[Closed] Using Base64 encoded strings – New Article on LoneRobot.com
Thanks Pete for helping,
yes, I’ve downloaded the script at the end of the article. The line in my post is the line where the error occurs. The rollout builds nicely, but no image is created (your robot-logo should appear right?). Also my home pc (vista 32 bit) and a similar pc here at work produce the same error.
Could it be related to .NET versions maybe? Or some kind of assembly you naturally have loaded since you develop this stuff.
Klaas
hi klaas,
there aren’t any custom assemblies being loaded by this script, so im not sure why it is saying this. which version of max are you running?
is the convertclass returning a bytearray from the base64 string? it is possible, if it is pre max 2008 that it is not returning the dotnetarrays into the correct format.
try this minimal code version, line by line and see if it fails at the same place –
Pete,
I’ve tried the script line by line. It fails at the line
memstream = dotnetobject "System.IO.MemoryStream" bytearr
With the same error in the previous post. This is in max 2008 32 and 64 bit edition. Max 2010, 32 and 64 work fine.

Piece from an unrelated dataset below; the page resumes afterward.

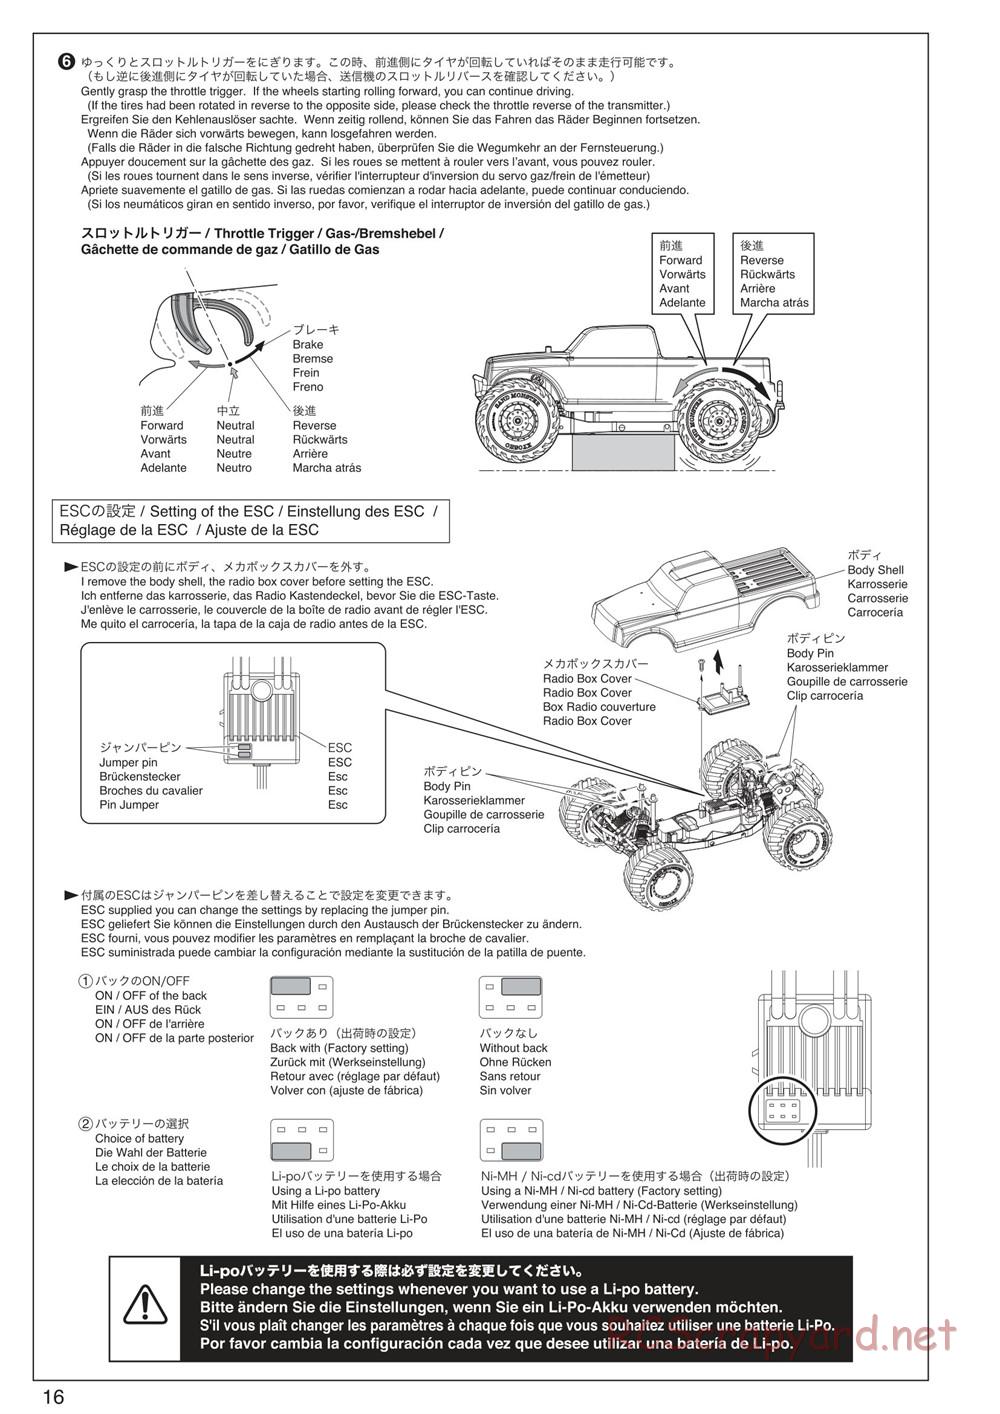 Kyosho - Monster Tracker EP - Manual - Page 16

I actually wasn’t thinking about custom assemblies (like those snazzy controls you make) but the plain asseblies you sometimes have to load to make things work. Like the “system.xml” one. And if I try
dotNet.loadAssembly "System.IO"
I get an undefined in the listener. That can’t be good, right?
Hi Klass,
After testing, It’s a max 2008 issue i’m afraid, im having the same issue as you in max2008. Max is not casting the byte array into dotnet (perhaps something to do with the fact max casts bytes to integers) and was a known bug of this release.
it was a while since i wrote that article but i must have written in after upgrading to max 2009. My GDI research tried to get around this by populating a byte array from a max array, but that is also returning the error you mentioned. So sorry, it’s kind of out of my hands in that version of max except to say i can emcompass the method into a dotnet assembly for you. One advantage to counter the need to load a custom assembly would be that it would be much faster this way. Let me know if you wanted this option and i’ll compile something for you to use in max 2008.
Hey Pete,
that’s a pity it doesn’t work, but great to have it figured out. Since our company is migrating to max 2010 anyway, we don’t really have the need for your kind offer. And as far as my own public scripts go: either distributing two icon-files, or a dotnet assembly doesn’t really make a difference (logistics wise). So thanks very much for the help, but don’t bother to make that assembly just for me.